- **Source material**:
- Opening Delimiter -
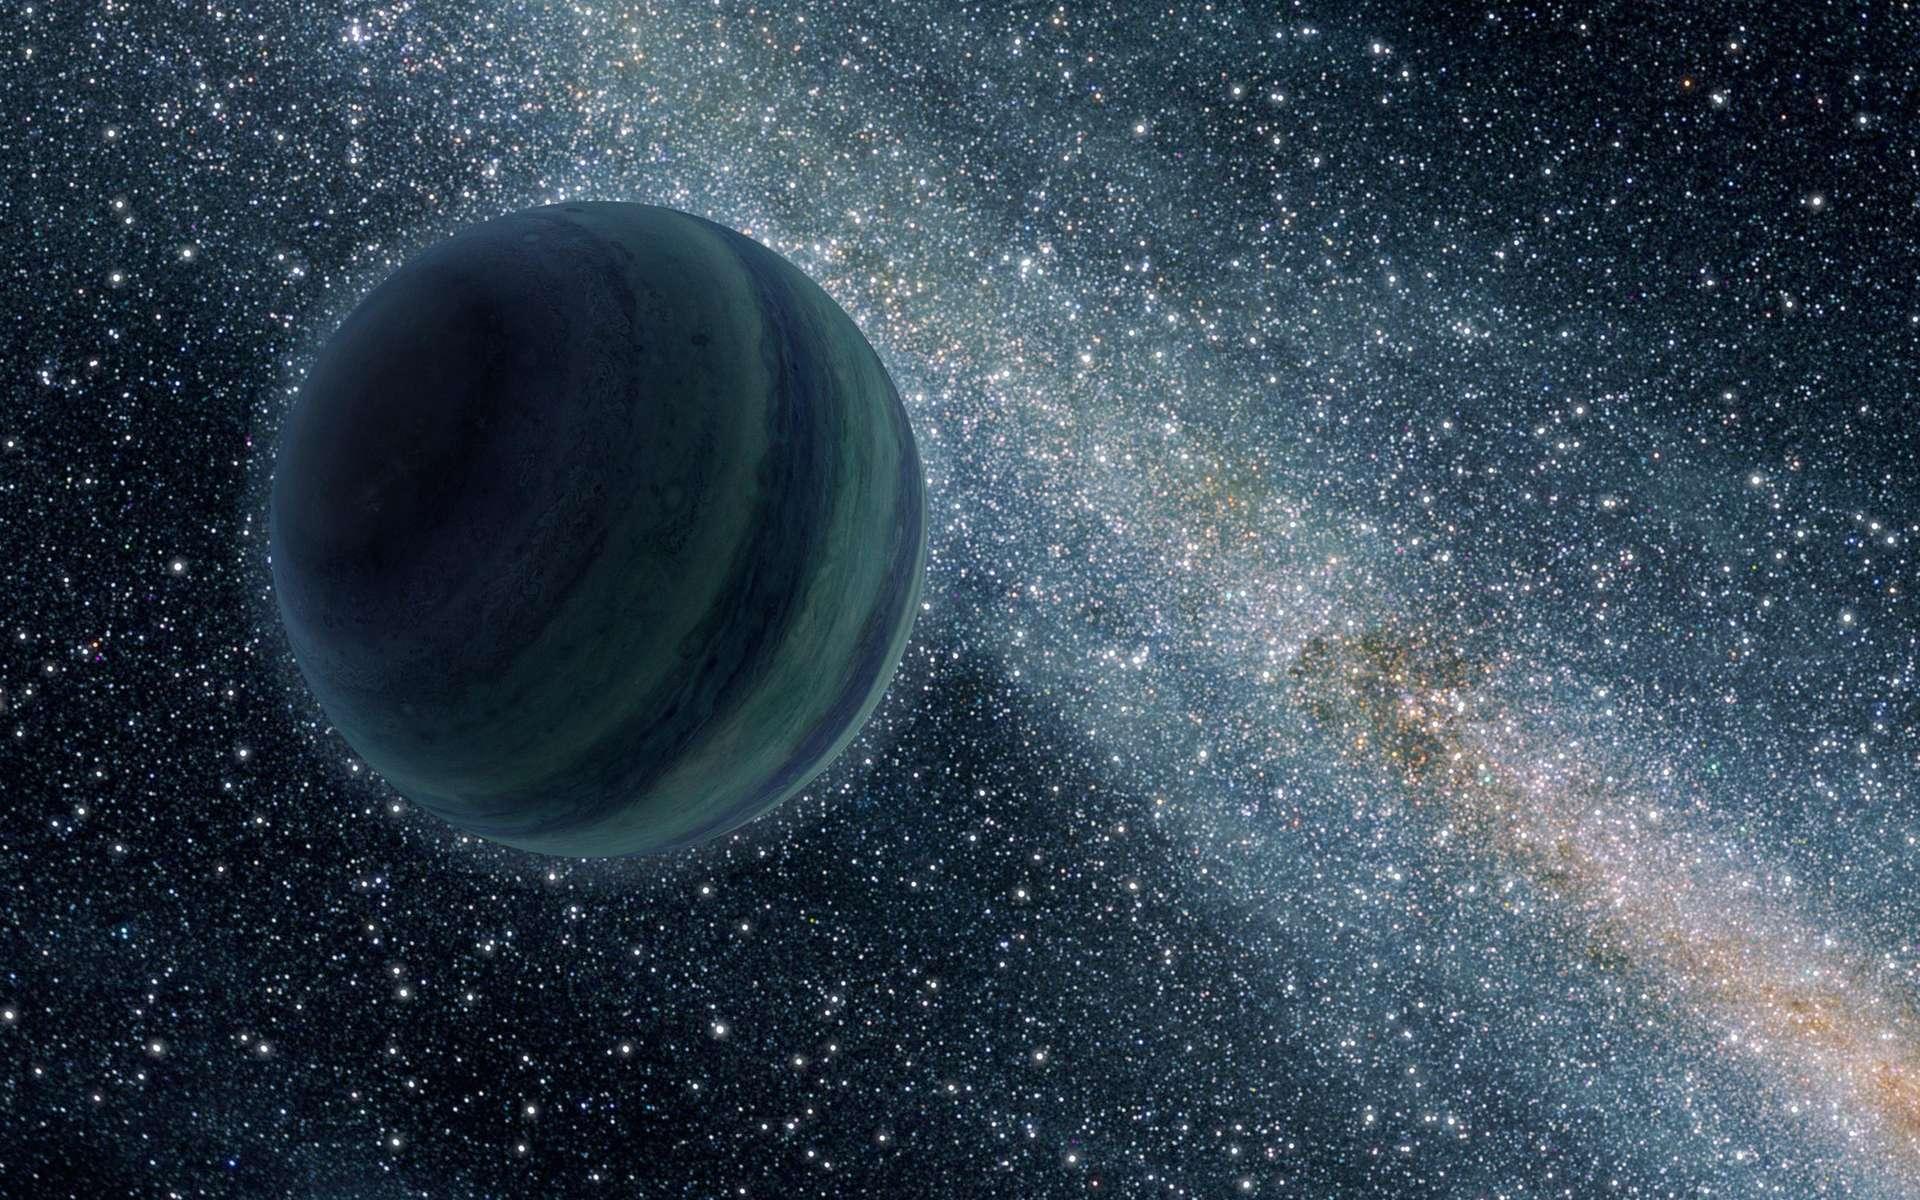 Vue d'artiste d'une planète flottante de la taille de Jupiter. © Nasa, JPL-Caltech.
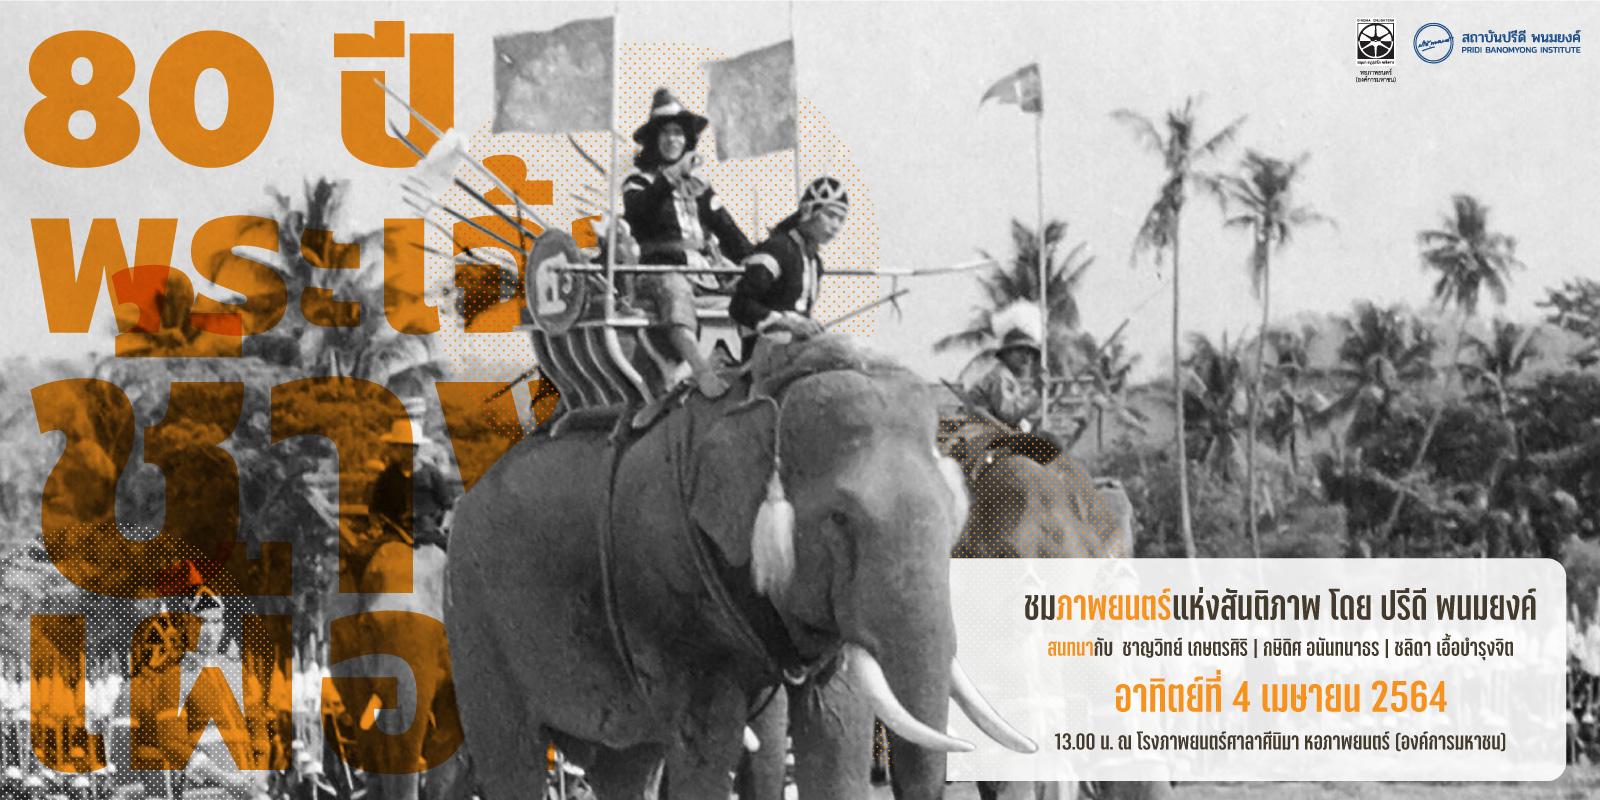 ภาพยนตร์สนทนา 80 ปี พระเจ้าช้างเผือก
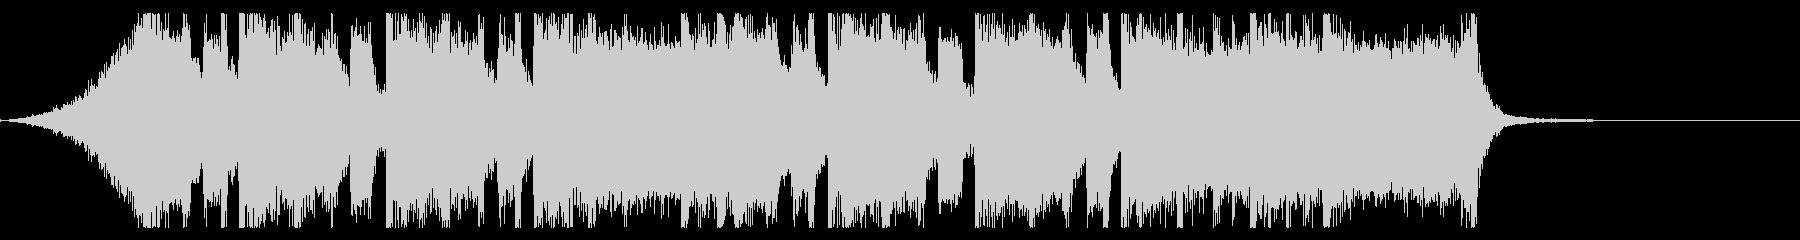 シンプルなメタル系のジングルの未再生の波形
- Closing Delimiter -
- **Task prompt**: Transcribe the whole listing, character for character, but not its images.

- **Exercise output**:
 Vue d'artiste d'une planète flottante de la taille de Jupiter. © Nasa, JPL-Caltech.
 ภาพยนตร์สนทนา 80 ปี พระเจ้าช้างเผือก
 シンプルなメタル系のジングルの未再生の波形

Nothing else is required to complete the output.